* Provided material
################
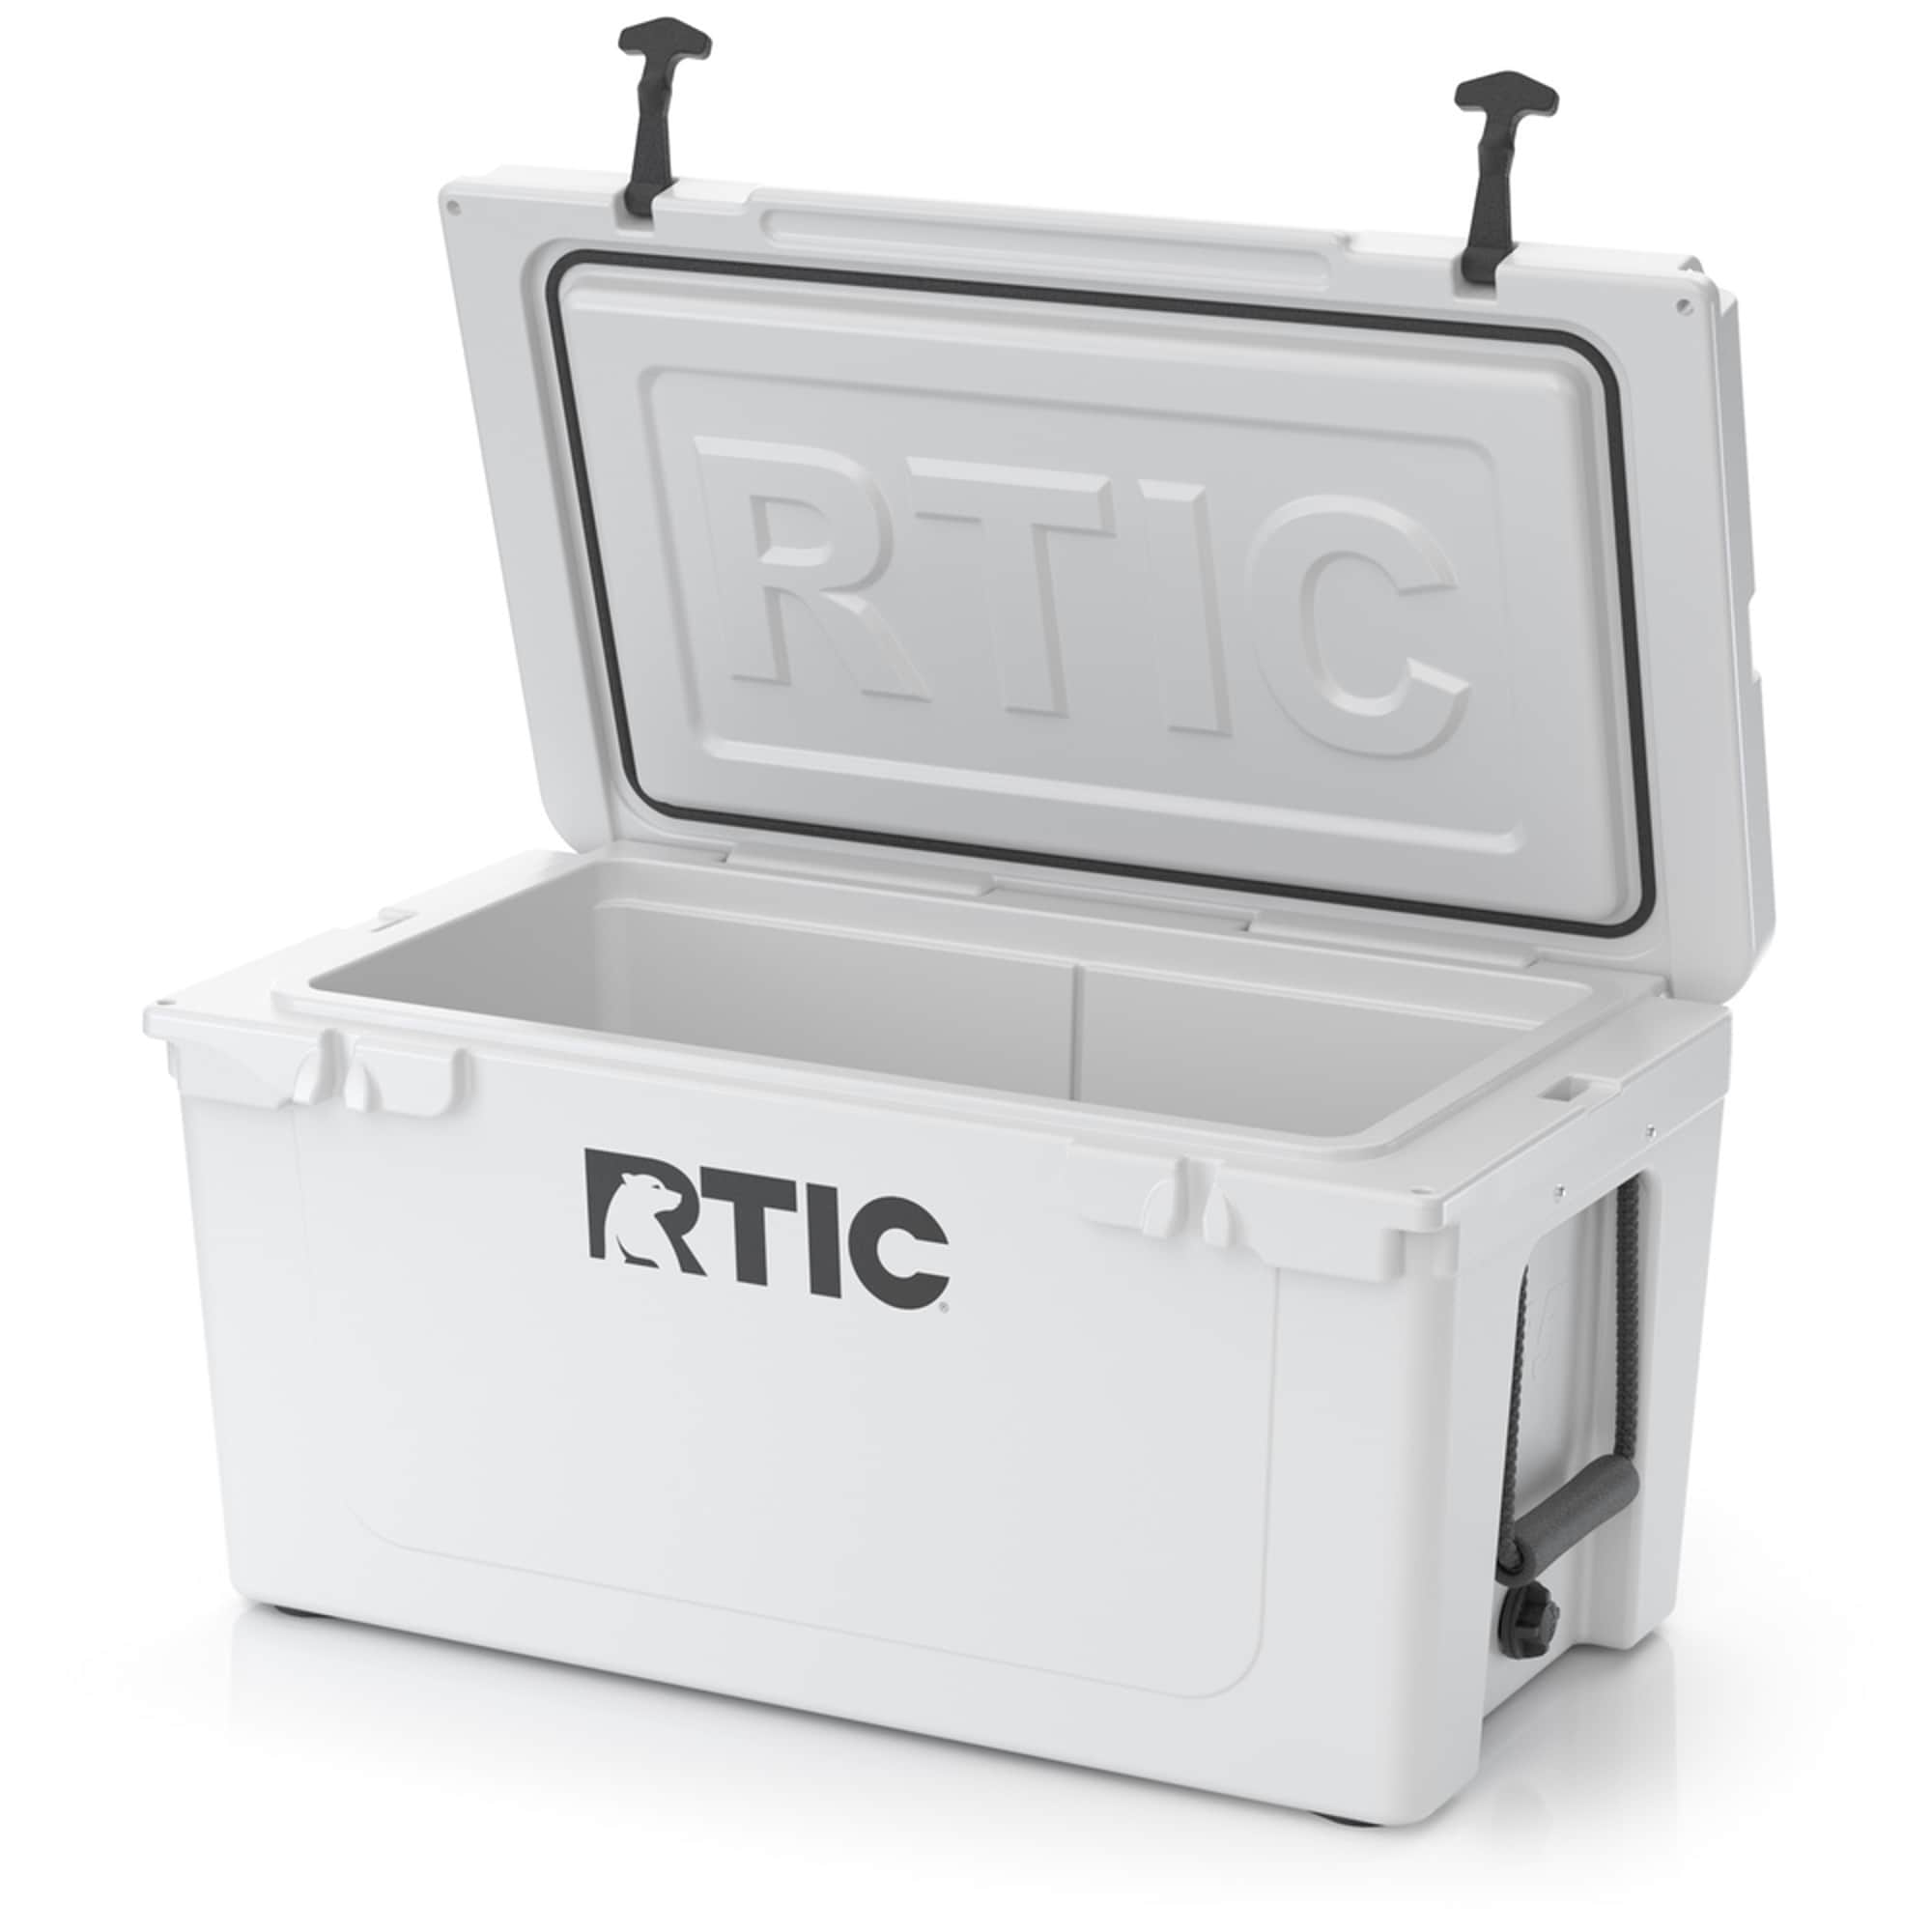 RTIC Hard Cooler Review - Man Makes Fire
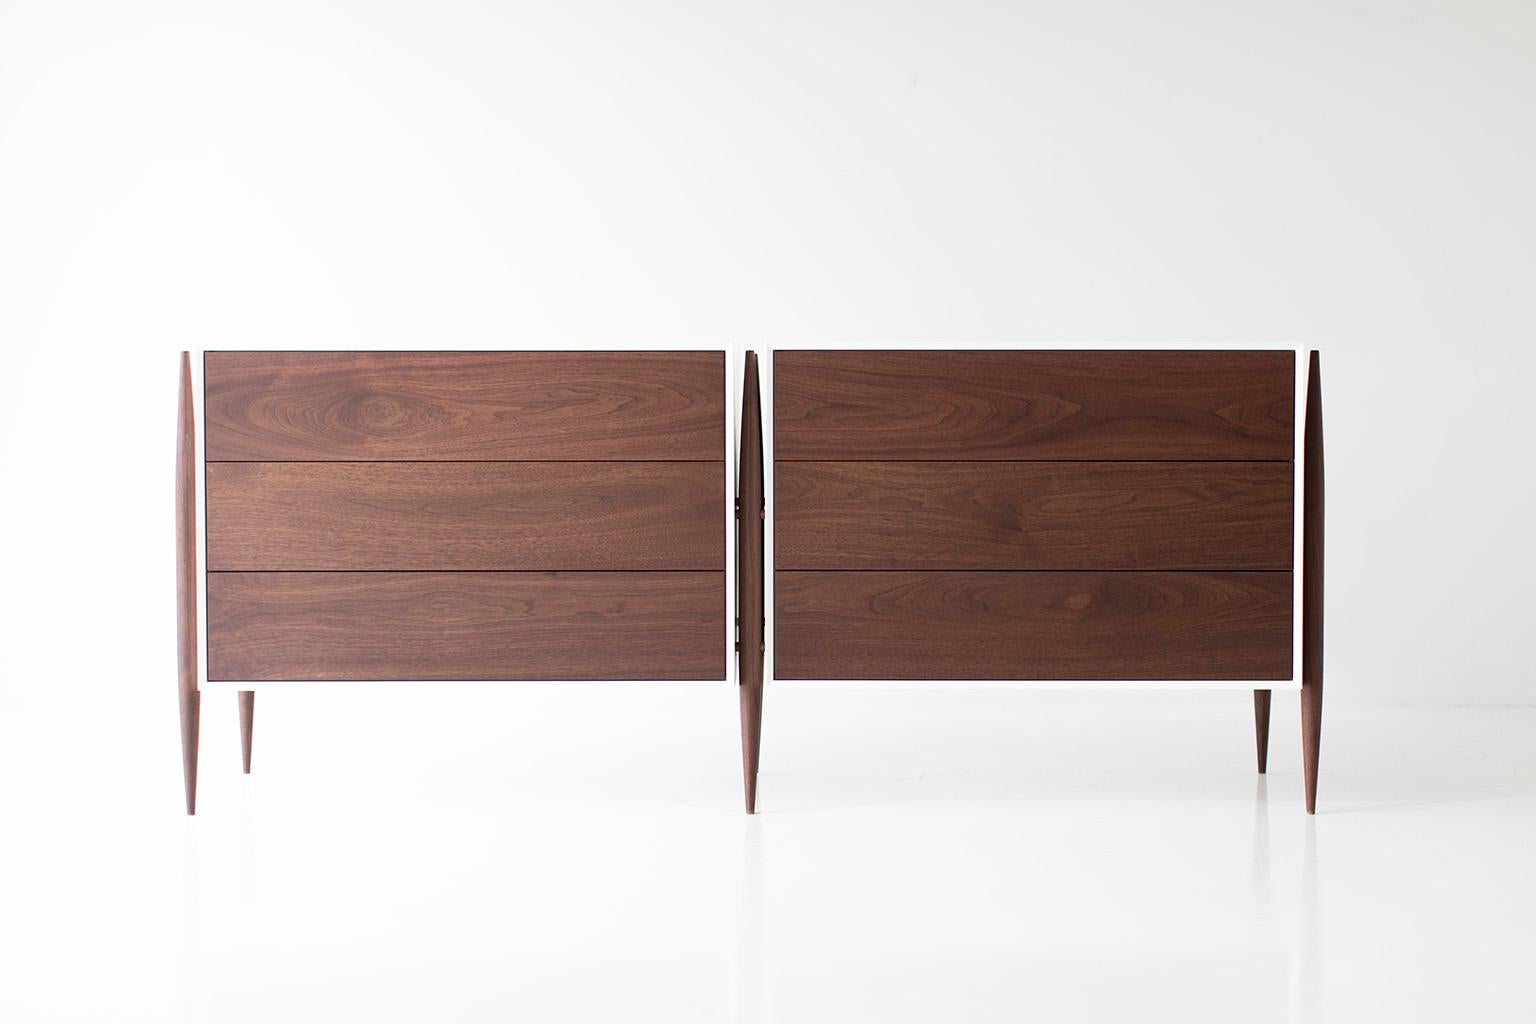 Modern walnut dresser - 2004 - Craft Associates Furniture

This modern walnut dresser from the Cambre Collection for Craft Associates Furniture is expertly crafted. The legs and door fronts are constructed by artisans from solid walnut. The frame
################
* Work to complete
What belongs in the answer is each line above, reproduced exactly, and no picture.

* Response below
 RTIC Hard Cooler Review - Man Makes Fire
 Modern walnut dresser - 2004 - Craft Associates Furniture

This modern walnut dresser from the Cambre Collection for Craft Associates Furniture is expertly crafted. The legs and door fronts are constructed by artisans from solid walnut. The frame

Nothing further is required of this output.